§ Collected data:
________________________________________
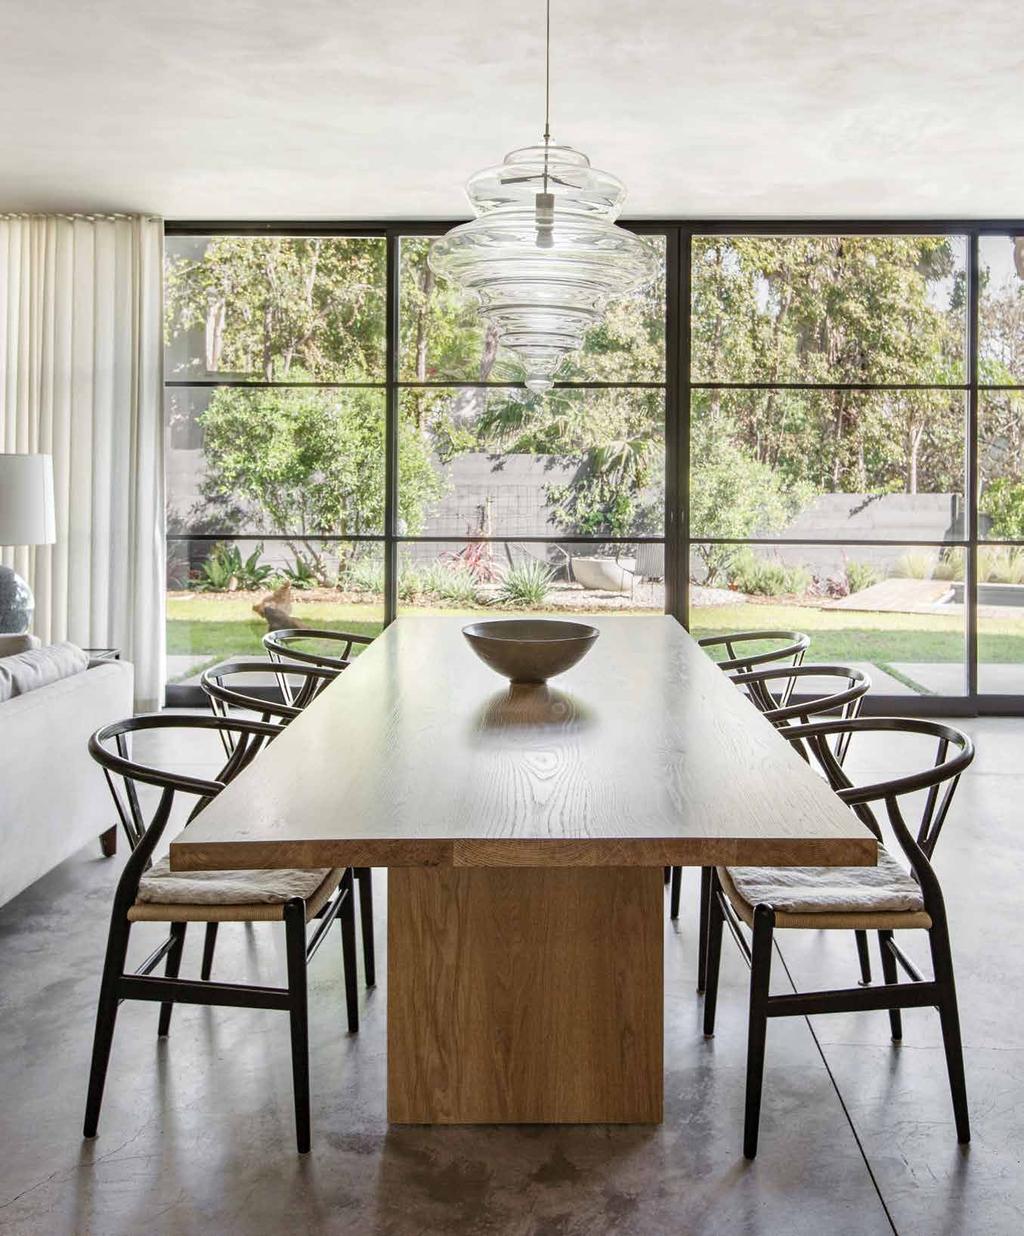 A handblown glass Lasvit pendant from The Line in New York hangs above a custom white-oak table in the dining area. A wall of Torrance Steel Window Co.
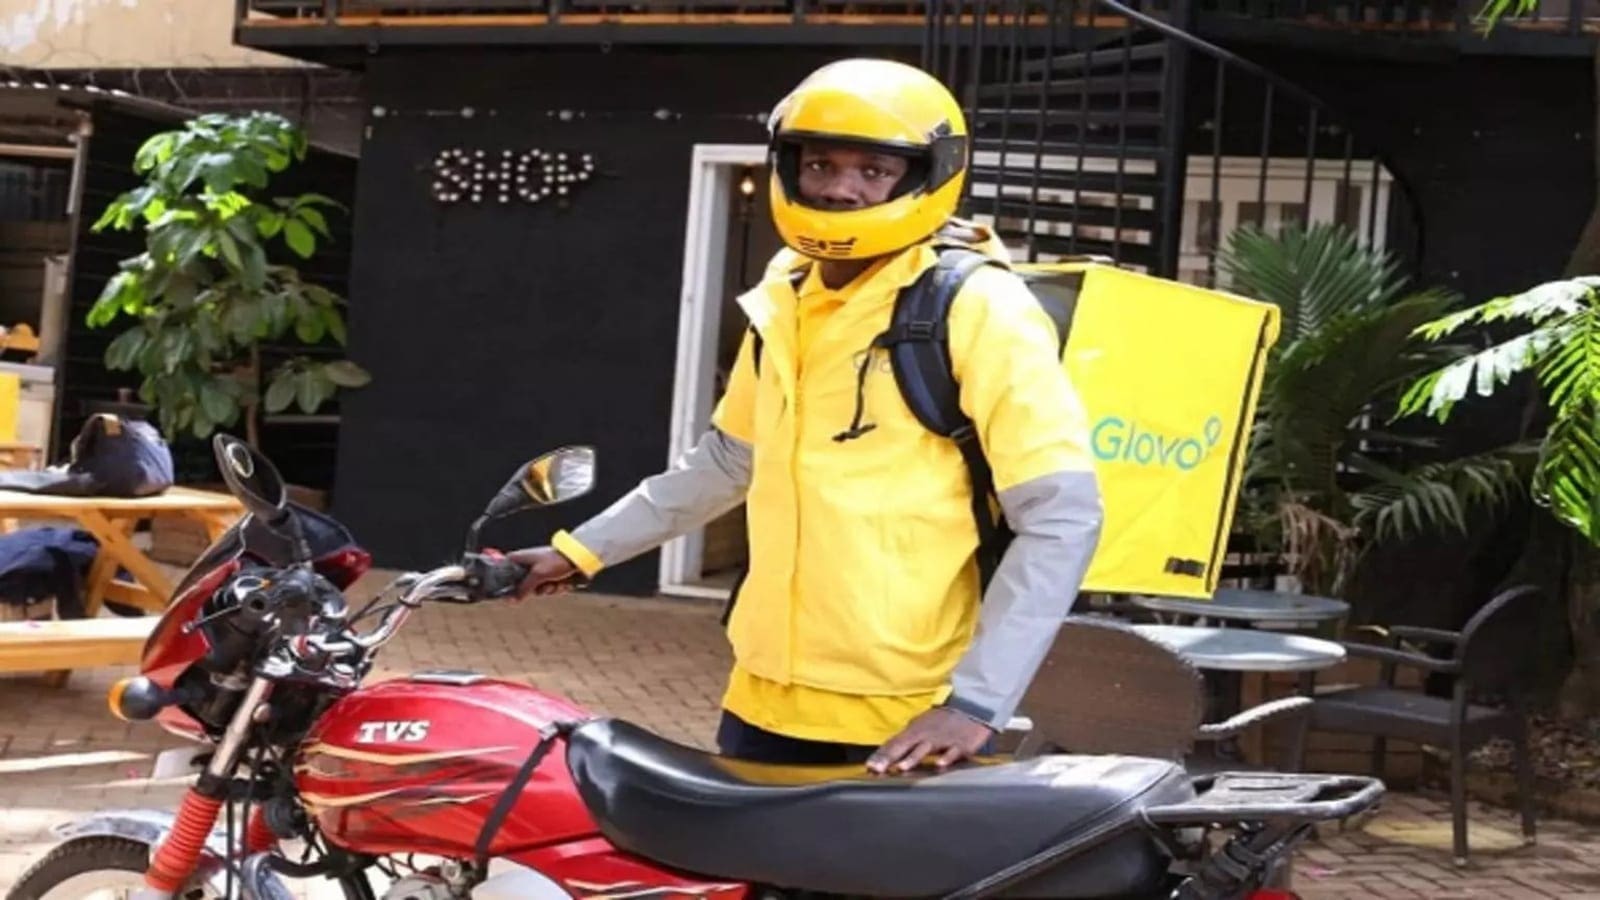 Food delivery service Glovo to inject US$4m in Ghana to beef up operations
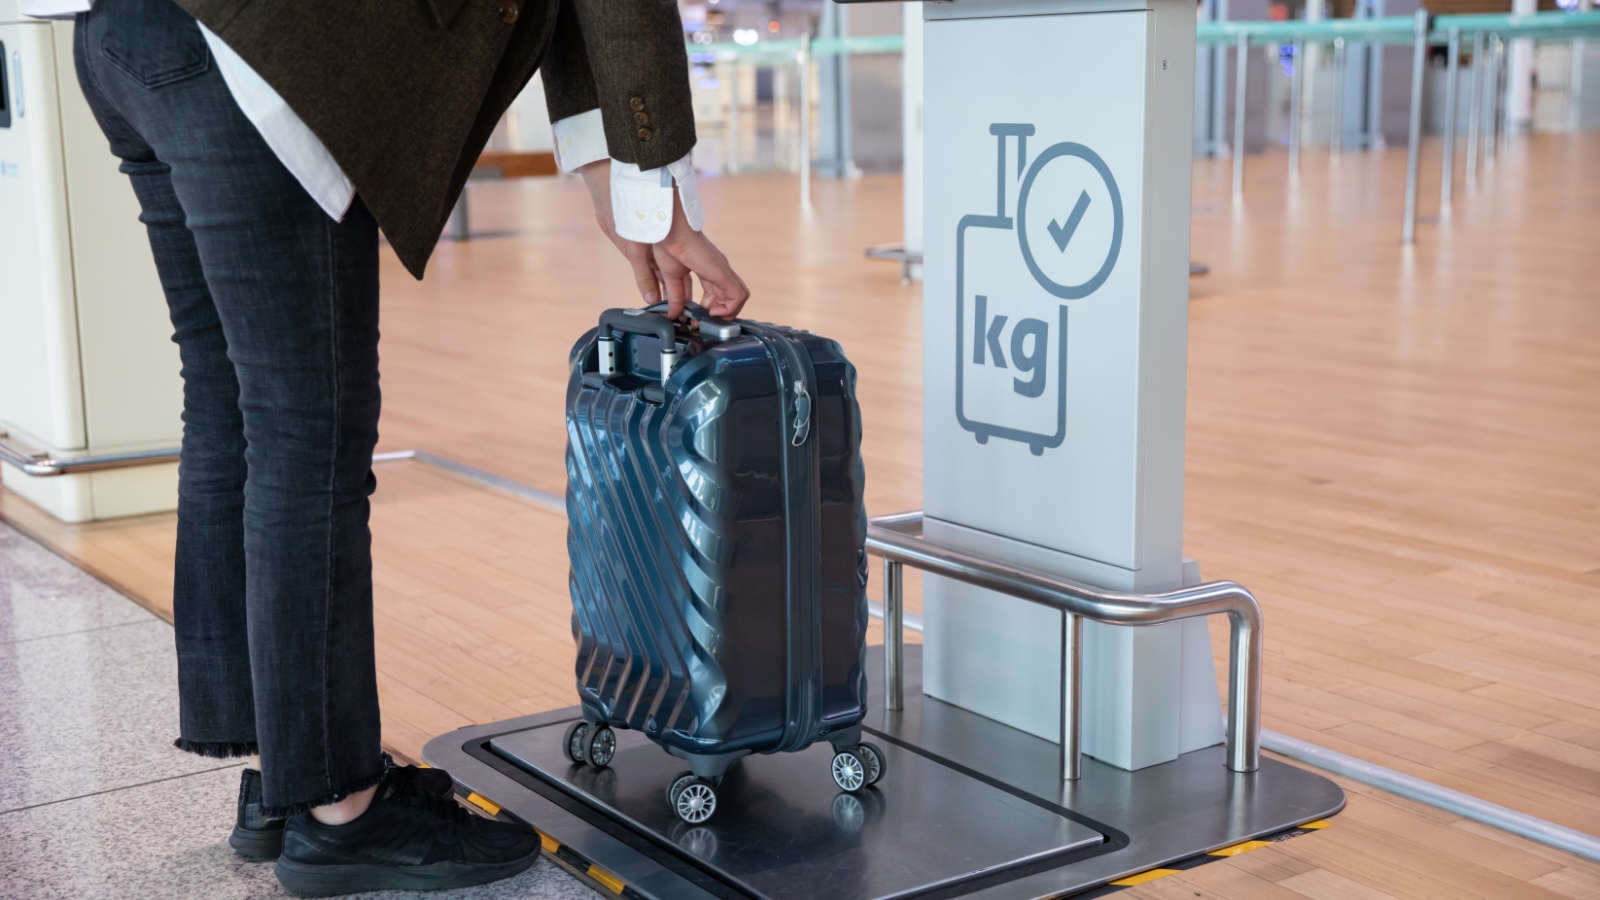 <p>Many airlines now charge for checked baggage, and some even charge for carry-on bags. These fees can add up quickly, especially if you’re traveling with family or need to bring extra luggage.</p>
________________________________________
§ Instructions for the task: Exclude the pictures and print the rest of the data exactly.

§ Result of this task:
 A handblown glass Lasvit pendant from The Line in New York hangs above a custom white-oak table in the dining area. A wall of Torrance Steel Window Co.
 Food delivery service Glovo to inject US$4m in Ghana to beef up operations
 <p>Many airlines now charge for checked baggage, and some even charge for carry-on bags. These fees can add up quickly, especially if you’re traveling with family or need to bring extra luggage.</p>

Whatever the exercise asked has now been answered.